_AVAILABLE DATA:_
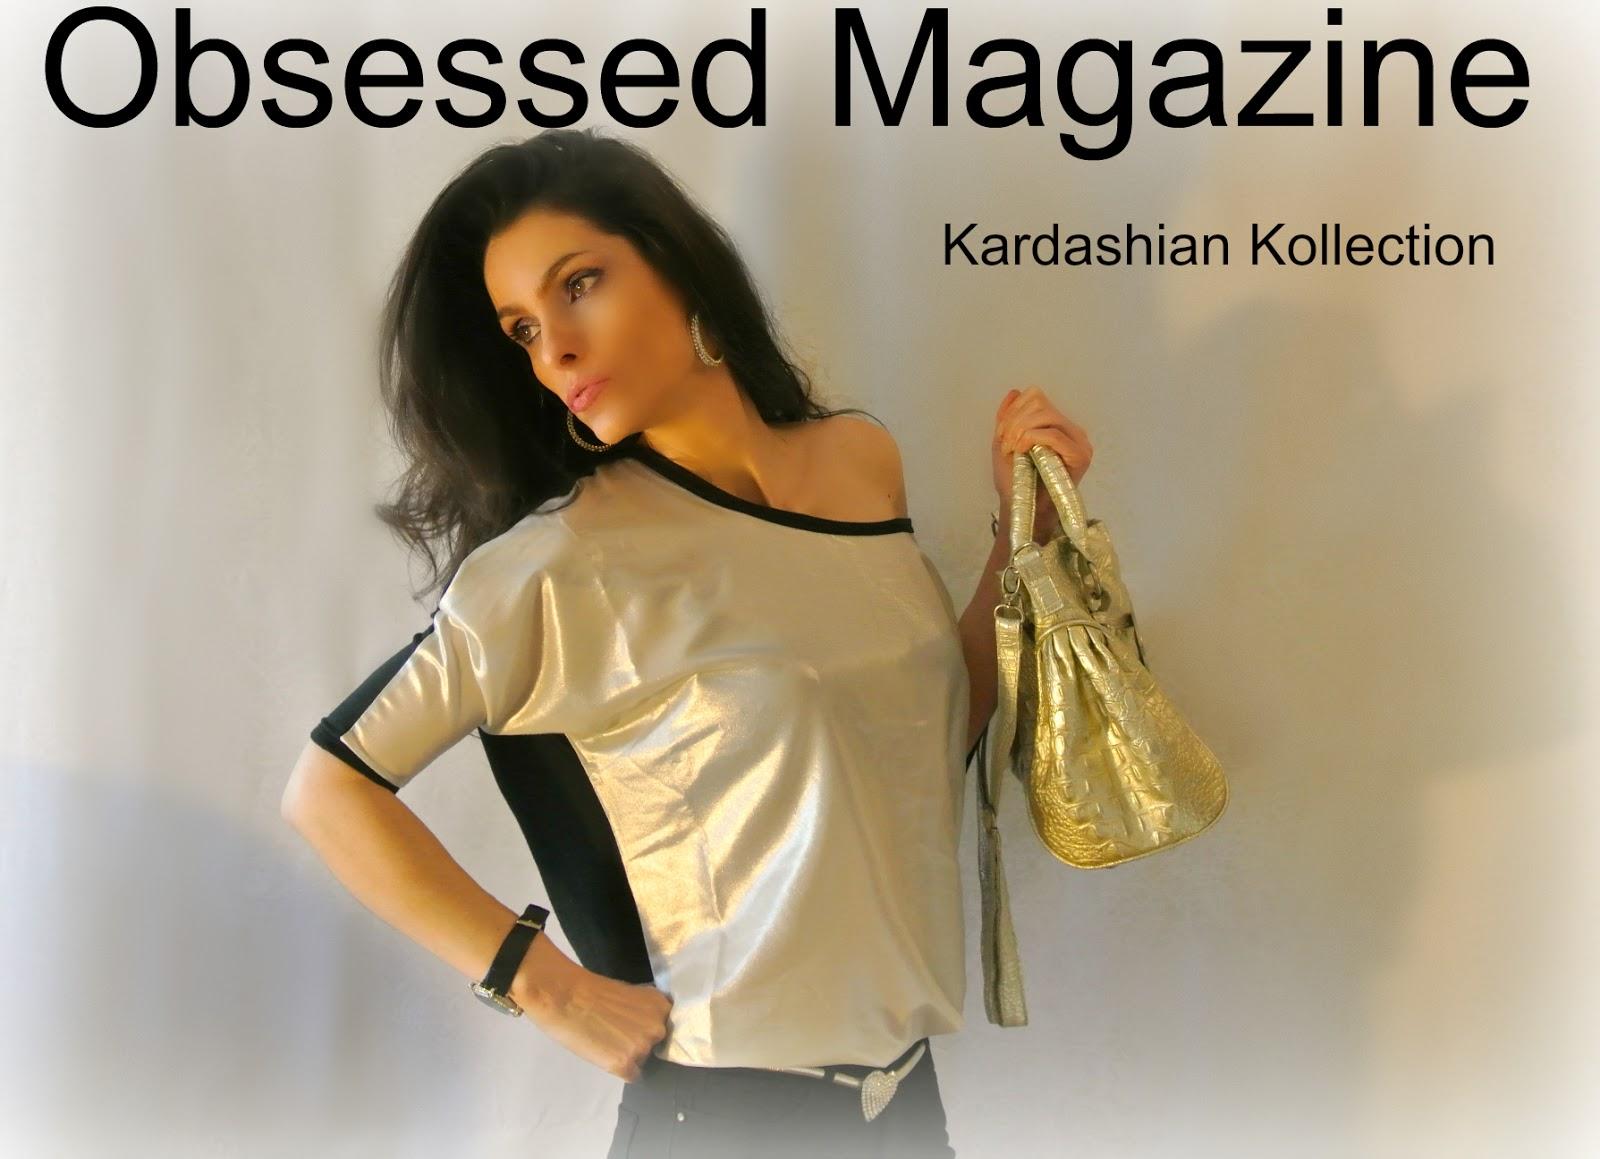 Kardashian Kollection Sale Hurry
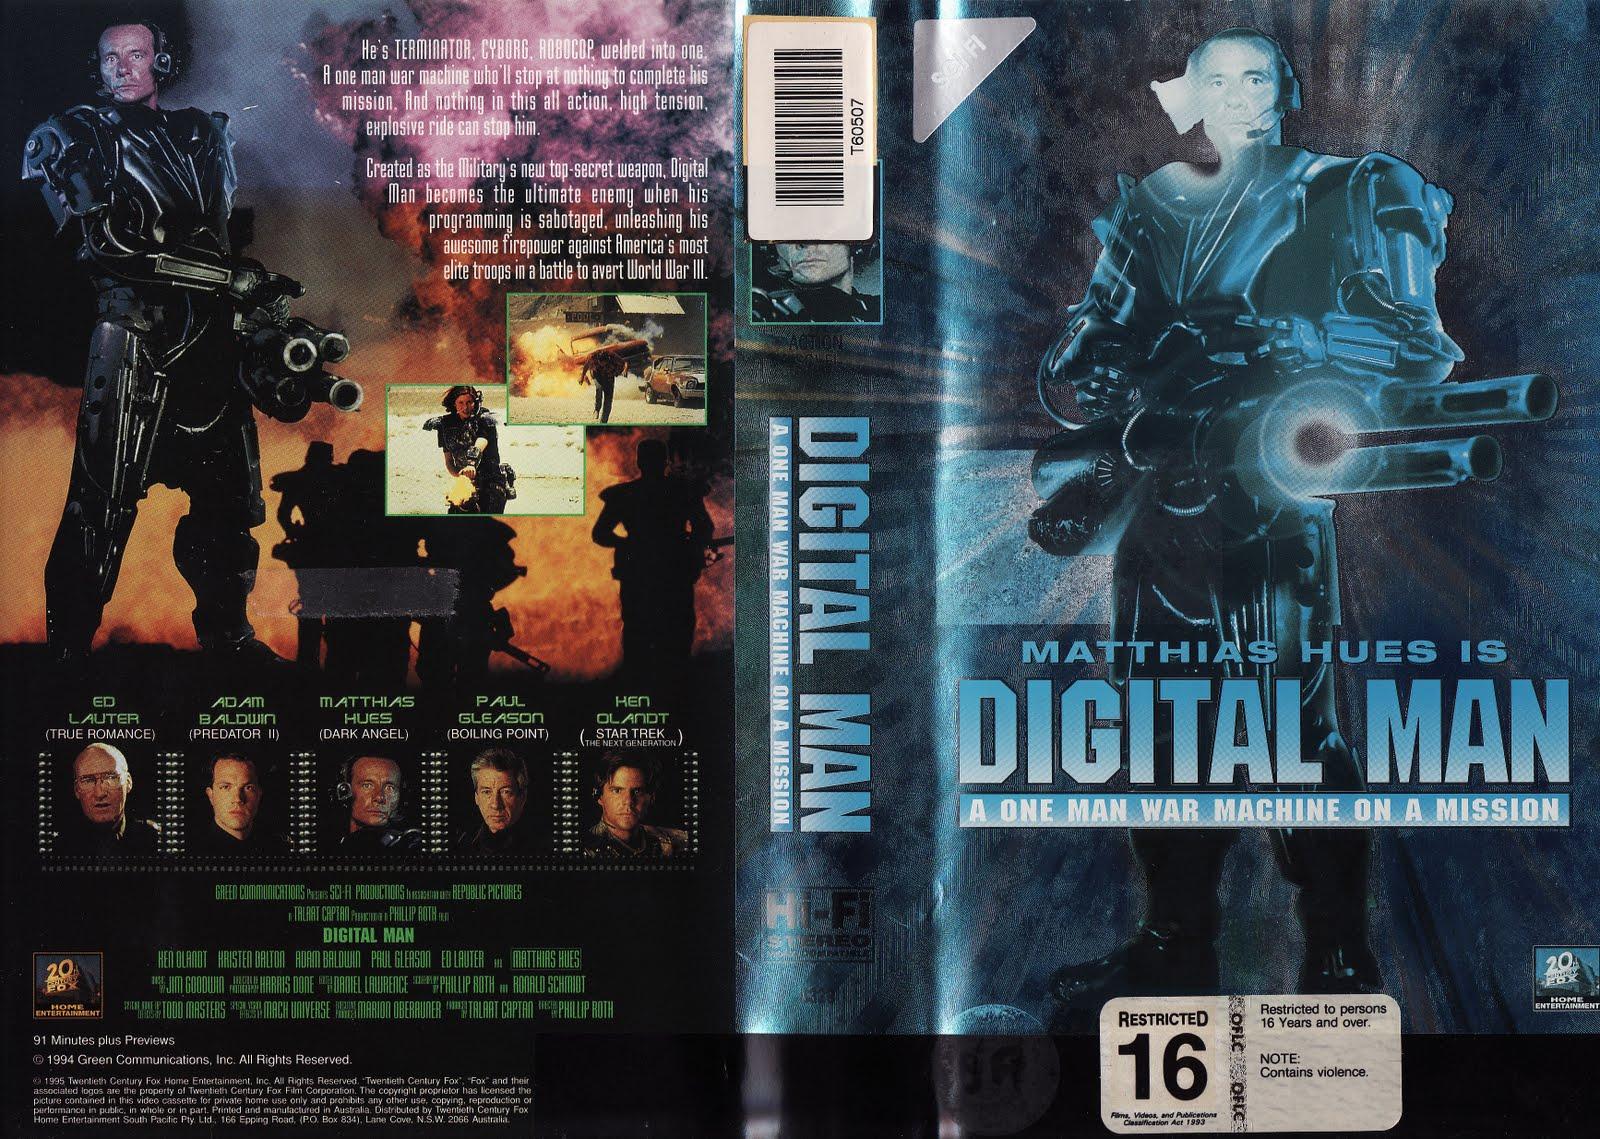 Movie digital man
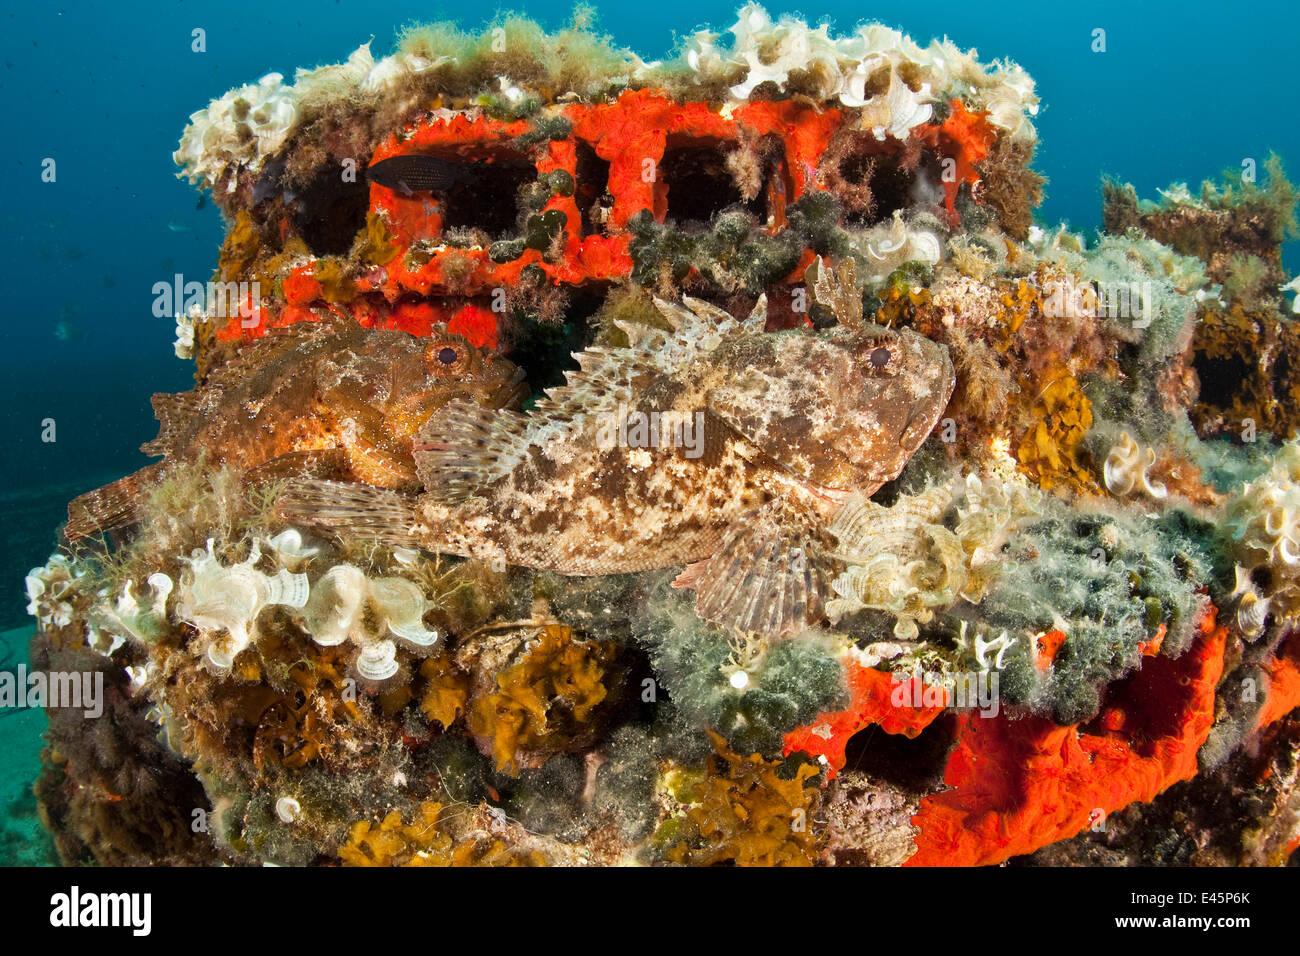 Two Scorpionfish (Scorpaena porcus) lying on artificial reef, Larvotto Marine Reserve, Monaco, Mediterranean Sea, - Stock Image

_ABOUT THIS TASK:_ Give back the whole listing exactly, without pictures.

_EXERCISE SOLUTION:_
 Kardashian Kollection Sale Hurry
 Movie digital man
 Two Scorpionfish (Scorpaena porcus) lying on artificial reef, Larvotto Marine Reserve, Monaco, Mediterranean Sea, - Stock Image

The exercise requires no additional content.